Entre as calçadas brotavam florezinhas, mini jardins a clamar por mais ternura !
Formigas marchavam despreocupadas erguendo suas bandeiras e troféus
Entre as pedras caladas, o som das flores conseguíamos ouvir !
Os musgo tenros que , em verde frescor atenuavam lágrimas de inocentes frustrações.
Joaninhas faziam a festa em seu terninho preto, bordado de amarelo.
Cigarras aos montes deixavam sua velha pele nos cinamomos em flor.
Vaga-lumes acendiam idéias de mais não dormir .

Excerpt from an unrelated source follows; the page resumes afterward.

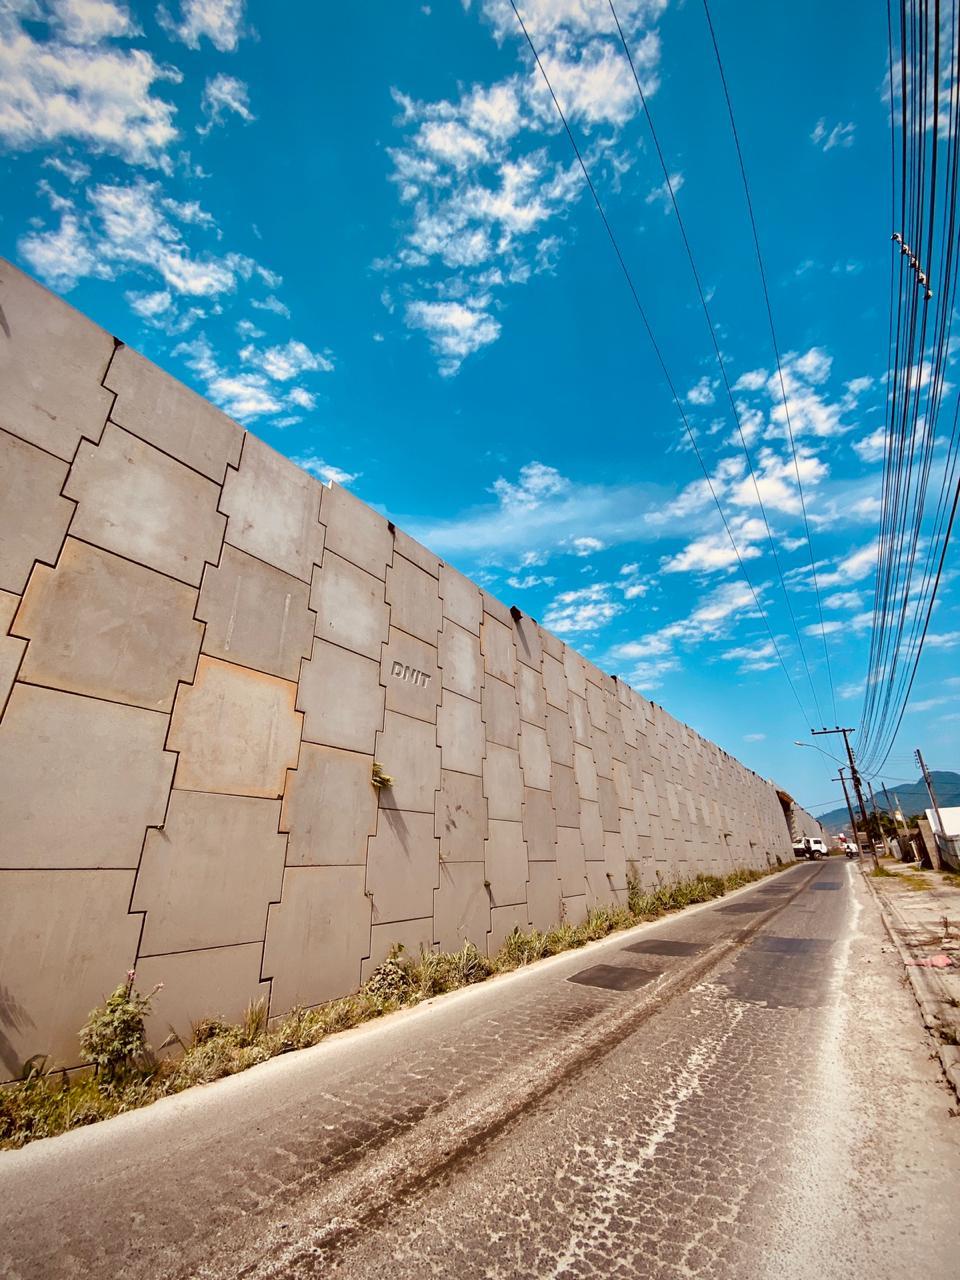 Foco da duplicação da BR-470 no Lote 4 é o acesso aos municípios de Indaial e Timbó - Moisés Stucker/NDTV
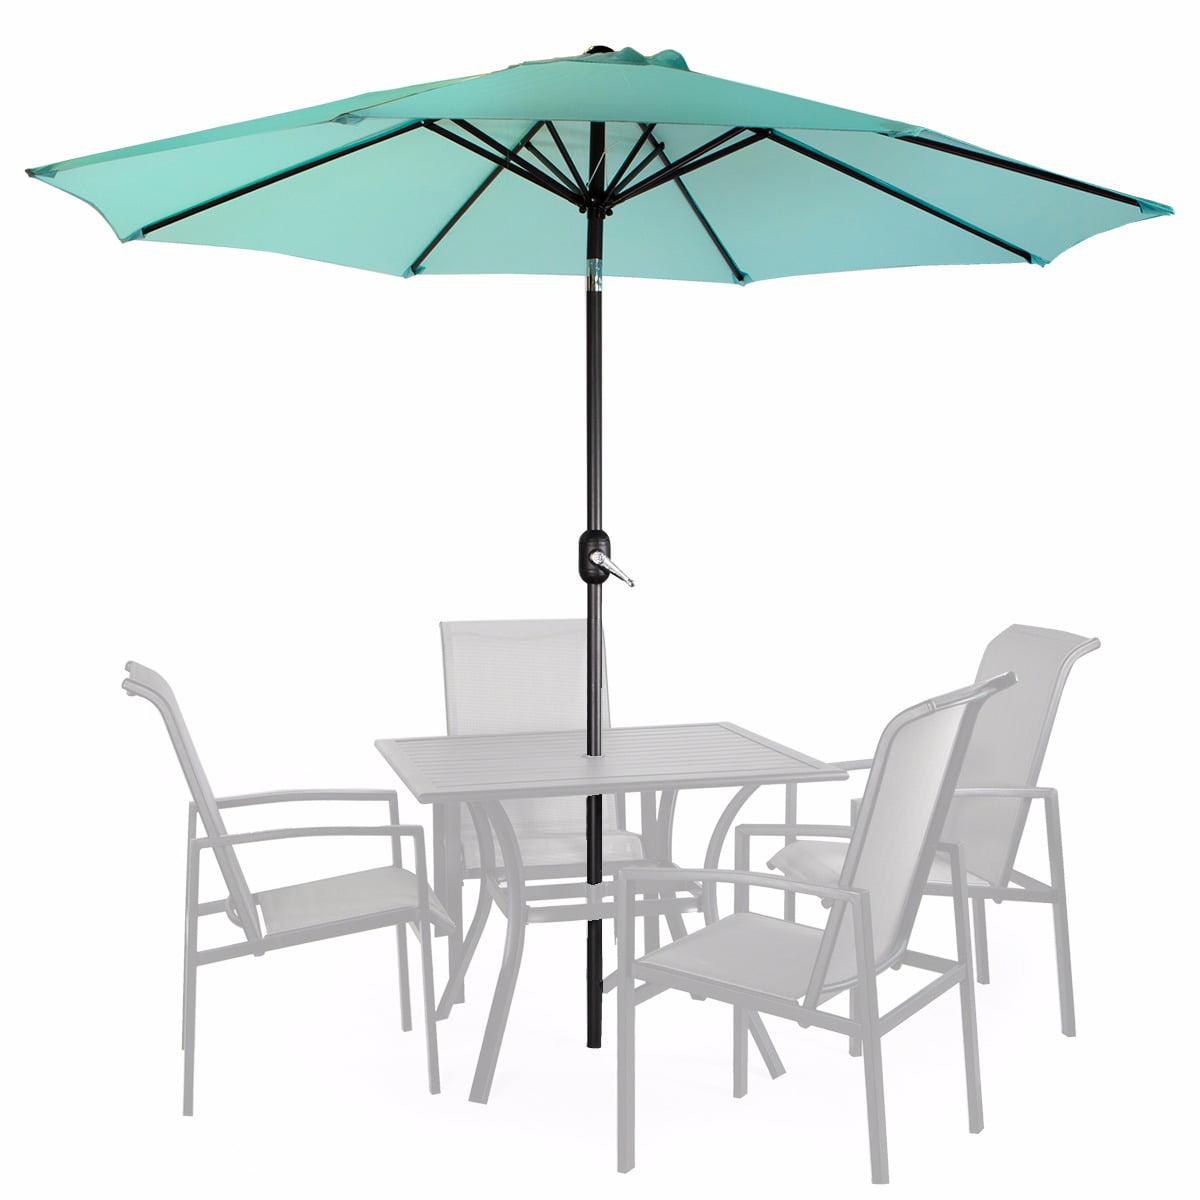 9' Patio Umbrella Round Sunshade Outdoor Canopy Tilt and Crank Aqua by

Havia um canto em asas multicor.
Entre espumas e canudinhos de mamona dançavam os sonhos em bolhas de sabão.
Dentro delas , as fadas acenavam com brincos e vestidos de algodão !
Um sapo no jardim trazia em sua fala os segredos da lagoa.
Mensageiras de chuva ,formigas com asas, bailavam na luminária espantando a
quietude do corredor
Farelos de pão sobre a mesa, brinquedo entre a chatice do silêncio à mesa do jantar .
Na xícara de café o Mar saudoso ! Afinal deitava meus olhos sobre o grande oceano
novamente, faltava sei lá quanto tempo para voltar a praia !
Temporal que alegria , faltava luz, vinham as velas e os jogos de sombra, com eles as
estória de fantasmas e as risadas macabras do meu irmão.
Degraus ,muitos degraus a saltar dentro de casa, que delícia, ainda mais pular para tocar
a marquise da porta .
Na sala de brincar, que passou a ser a varanda, jogar bola contra parede verde, "paredão"
era "treino" de verdade !
Nas tardes de final do inverno colher ameixinhas amarelas no pomar, fazer saladinha de
frutas e colocar no congelador .Os picolés de leite nunca ficam no ponto, de cinco em
cinco minutos abria-se a geladeira e colocava-se o dedinho para provar !
Aniversários com balões, docinhos e os salgadinhos " palito" não podiam faltar.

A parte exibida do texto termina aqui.